Instructions to follow |
Without including any images, output the listing below exactly.

Data |
[Start of Attachment]

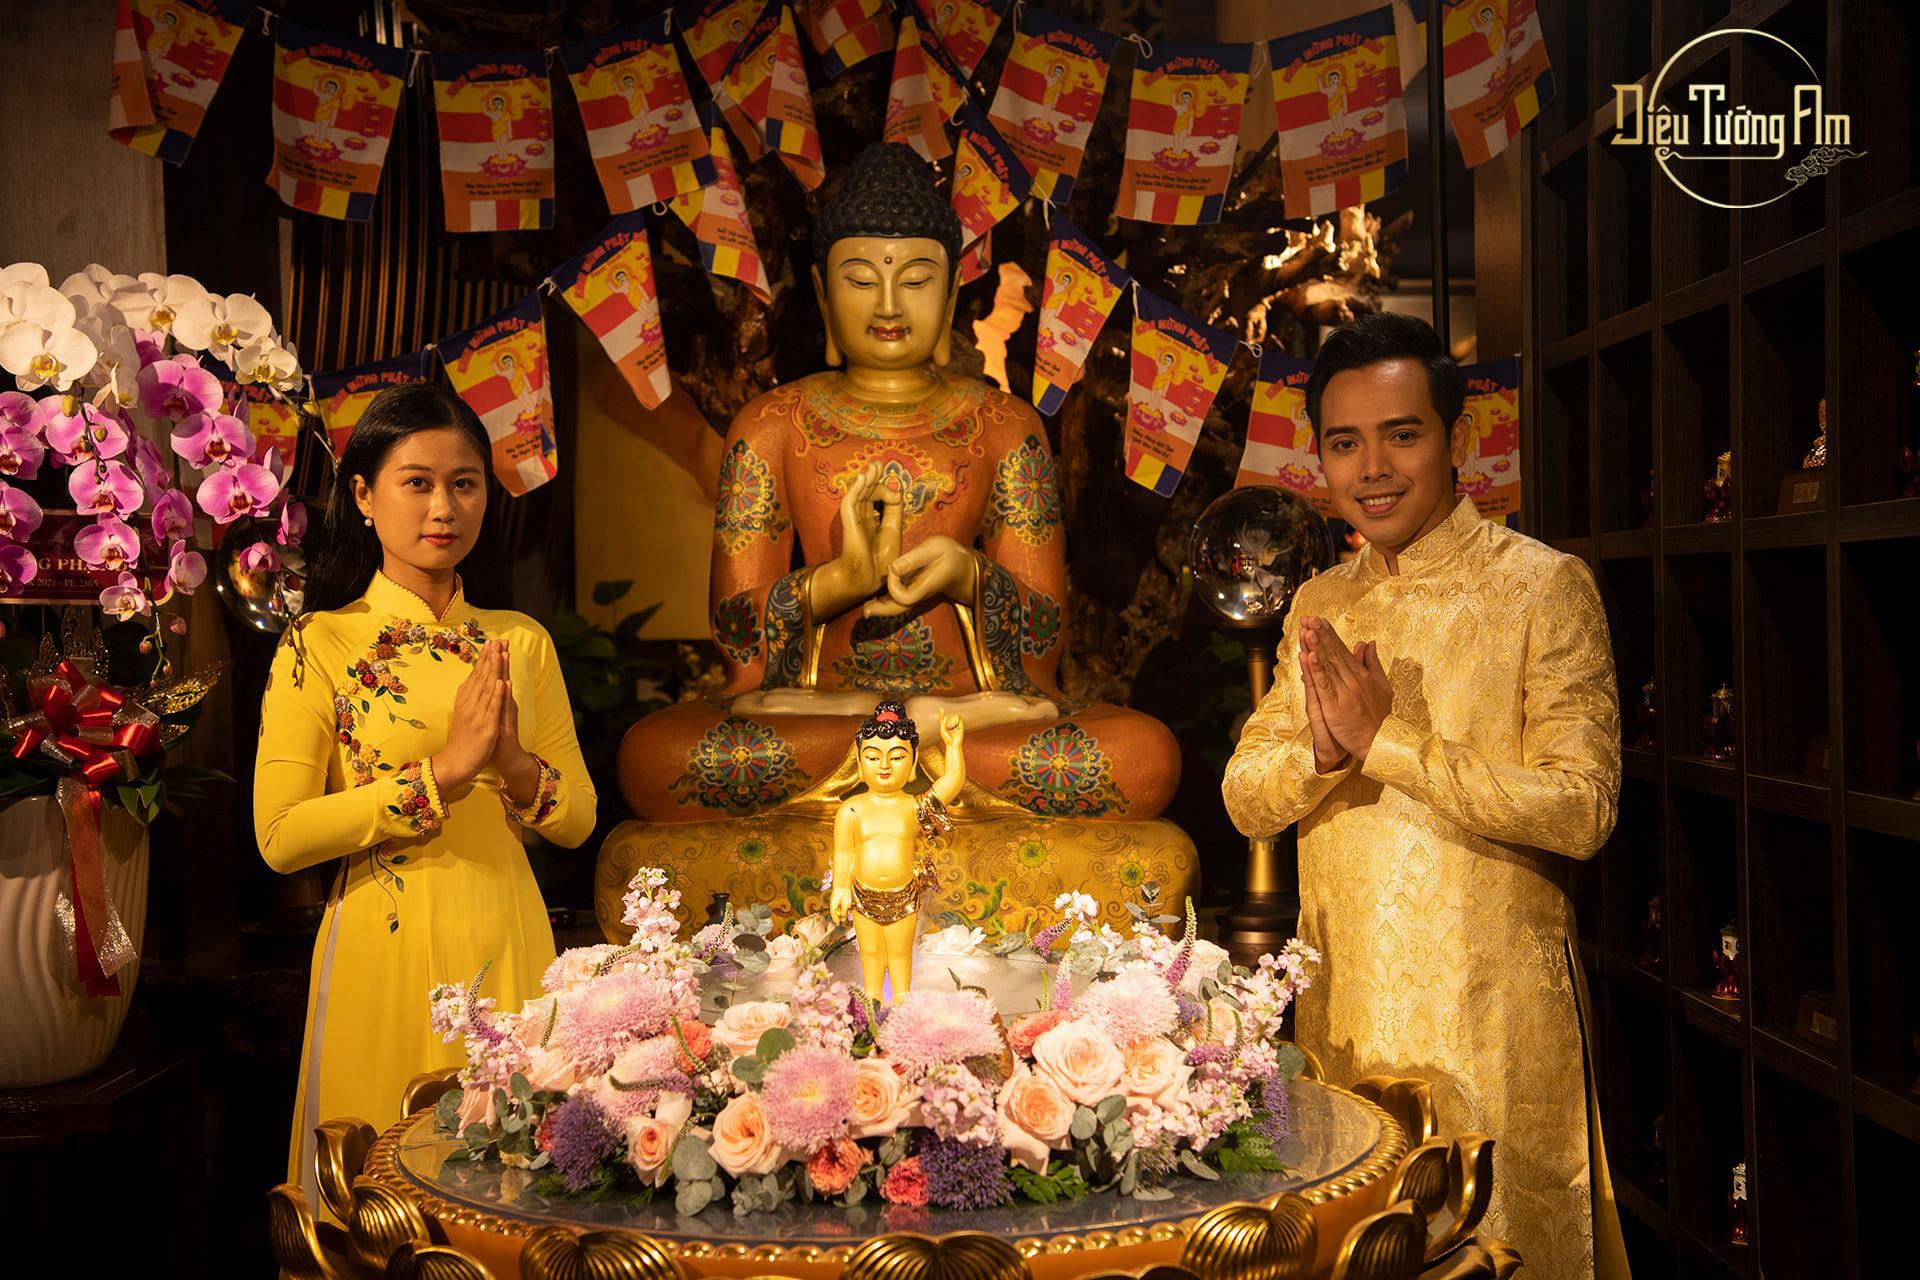 Lễ Tắm Phật Trang Nghiêm Và Ấm Cúng Tại Không Gian Diệu Tướng Am
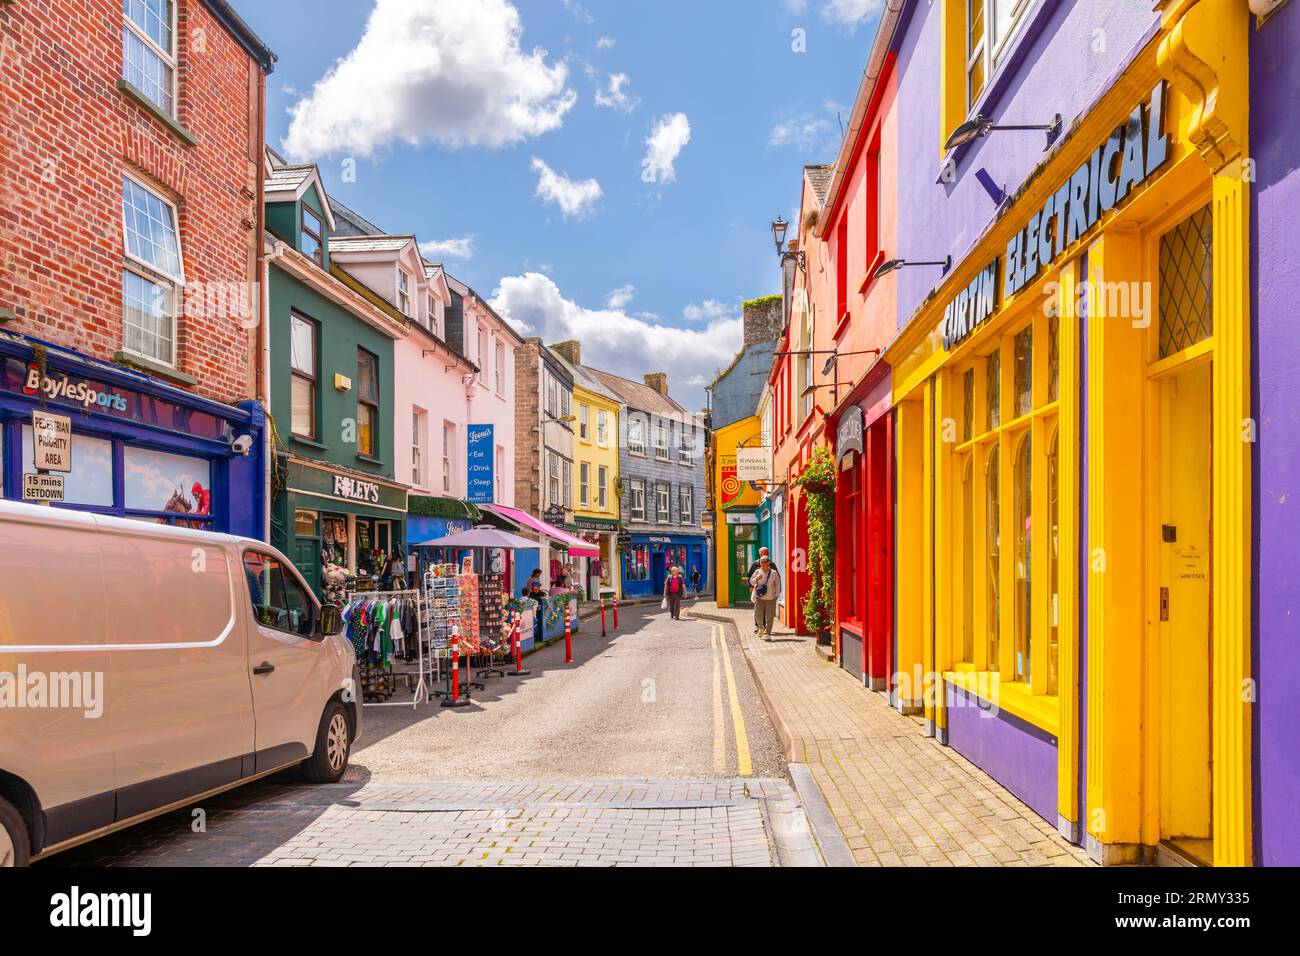 Rues étroites de boutiques aux couleurs vives et cafés dans le centre historique de la petite ville portuaire de pêche de Kinsale, dans le comté de Cork en Irlande. Banque D'Images
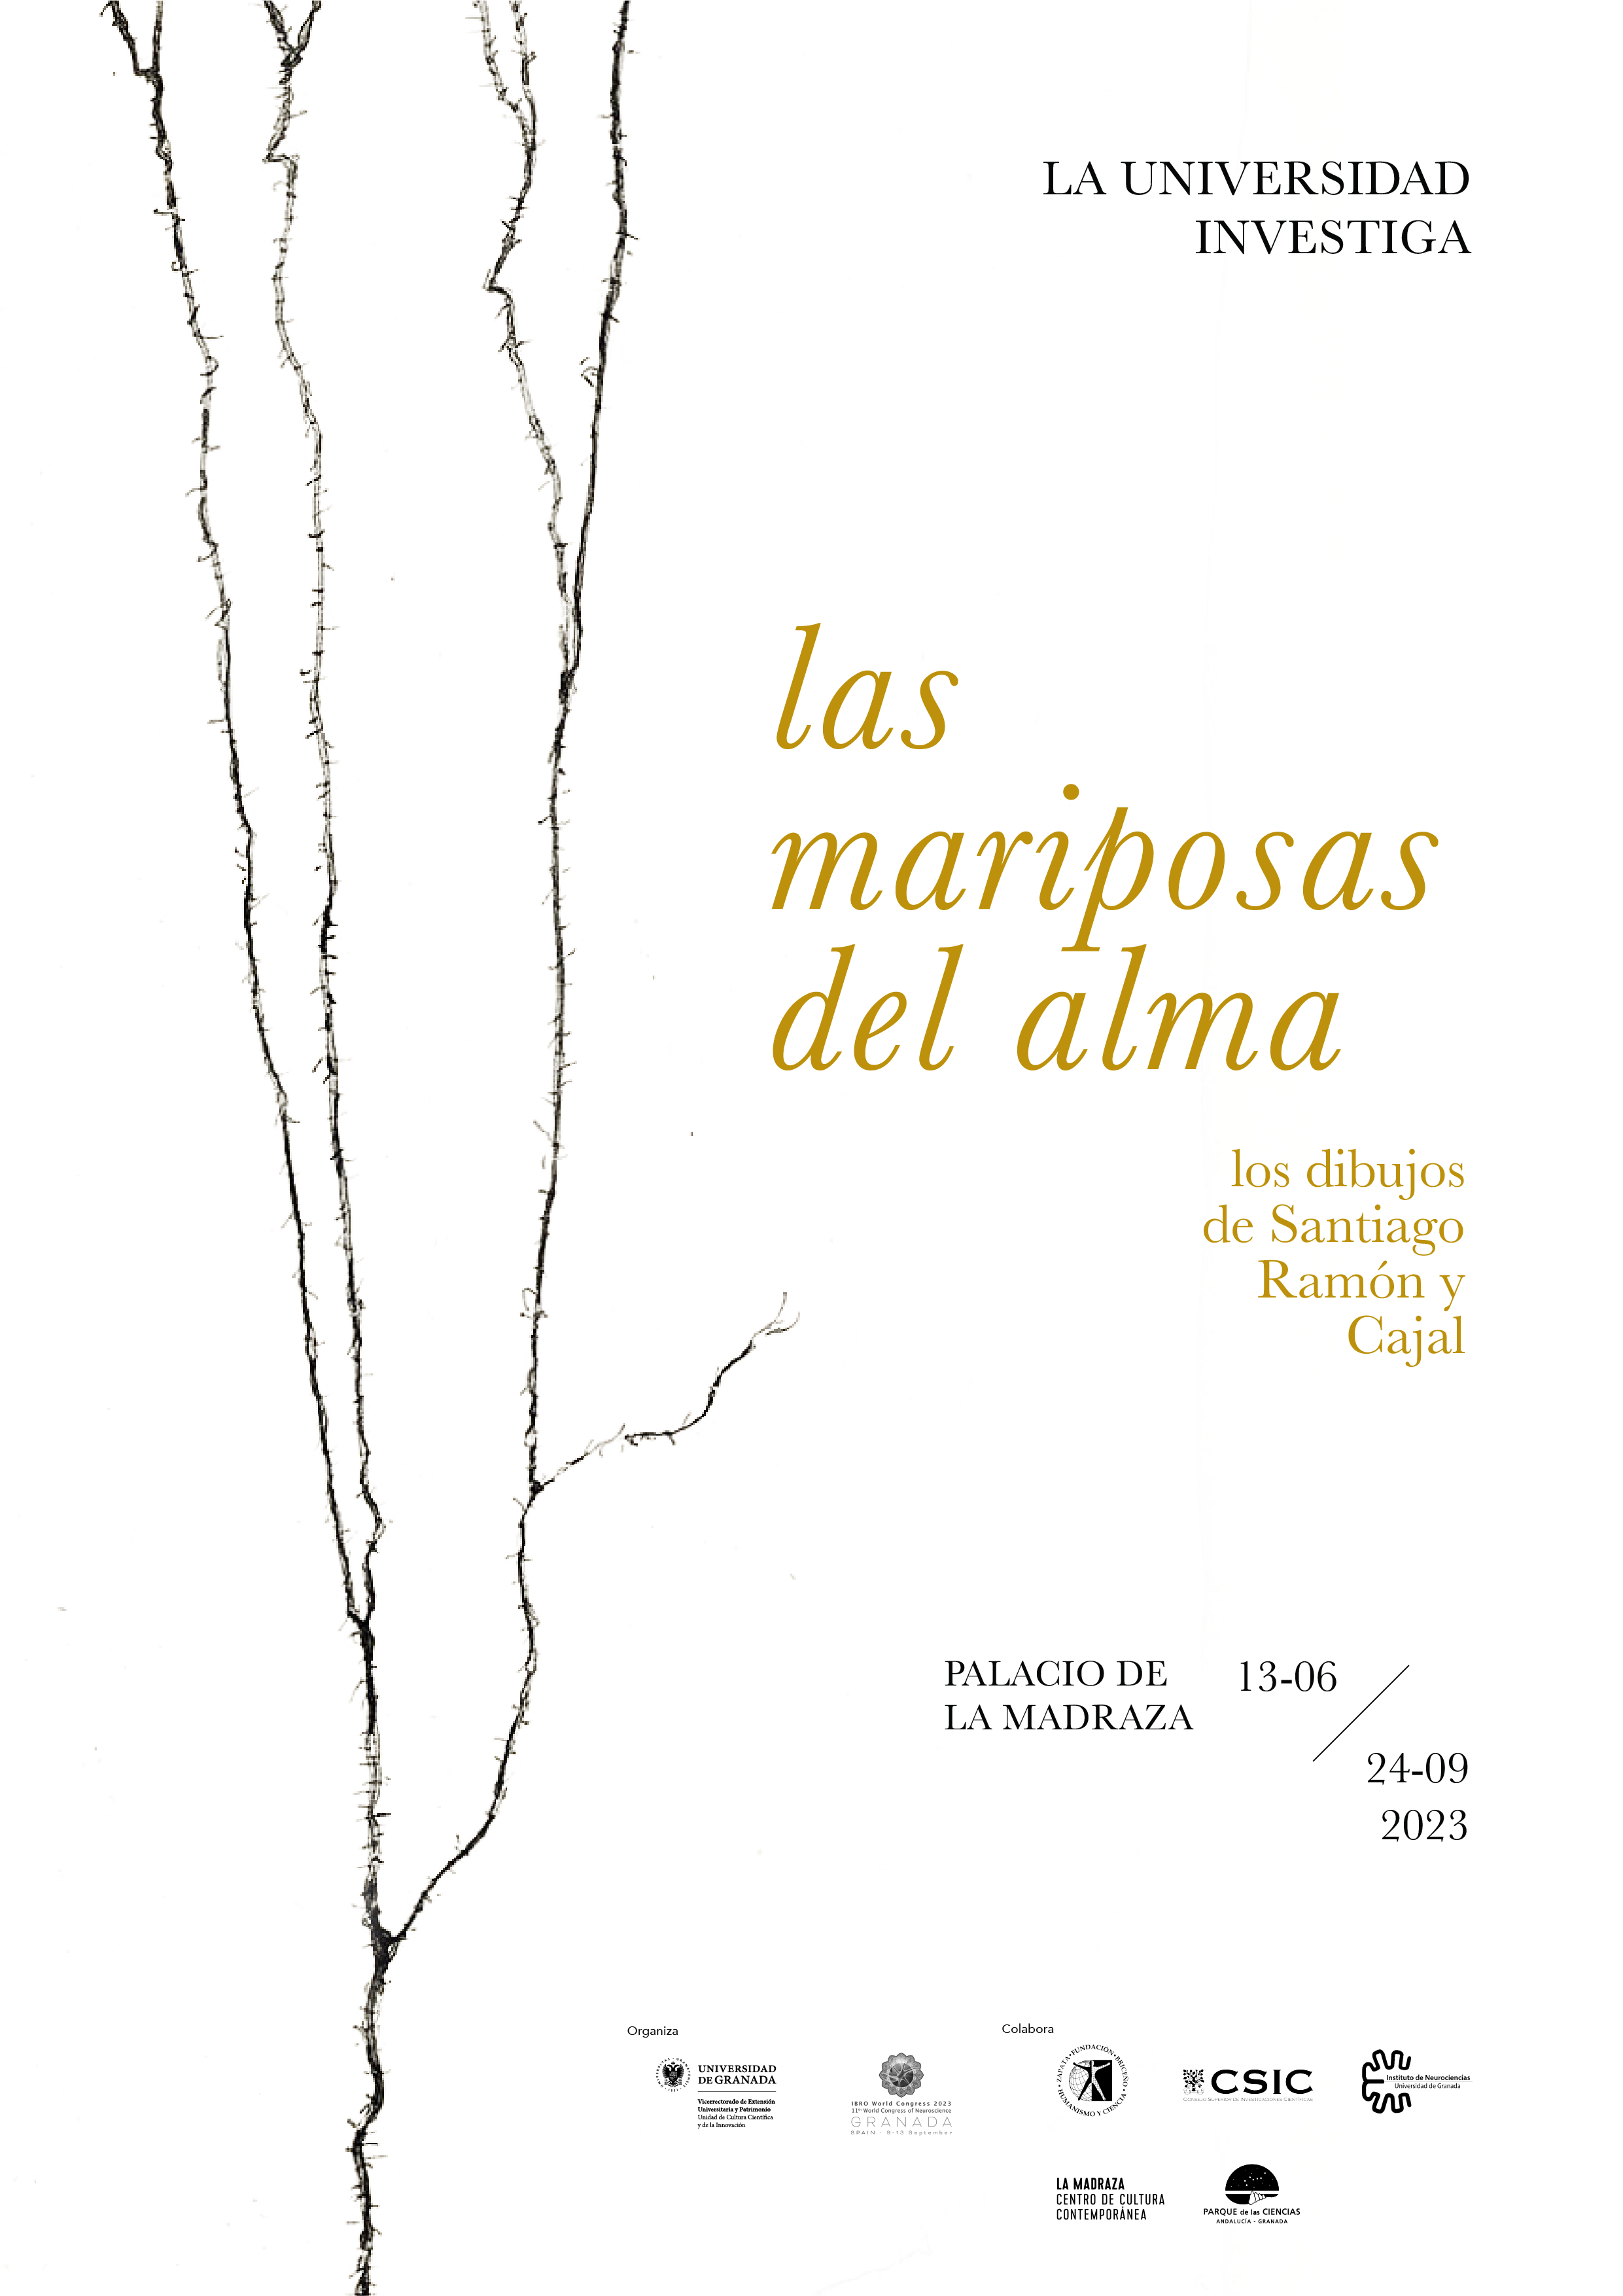 creatividad ‘Las mariposas del alma: los dibujos de Santiago Ramón y Cajal’

[End of Attachment]

The completed task |
 Lễ Tắm Phật Trang Nghiêm Và Ấm Cúng Tại Không Gian Diệu Tướng Am
 Rues étroites de boutiques aux couleurs vives et cafés dans le centre historique de la petite ville portuaire de pêche de Kinsale, dans le comté de Cork en Irlande. Banque D'Images
 creatividad ‘Las mariposas del alma: los dibujos de Santiago Ramón y Cajal’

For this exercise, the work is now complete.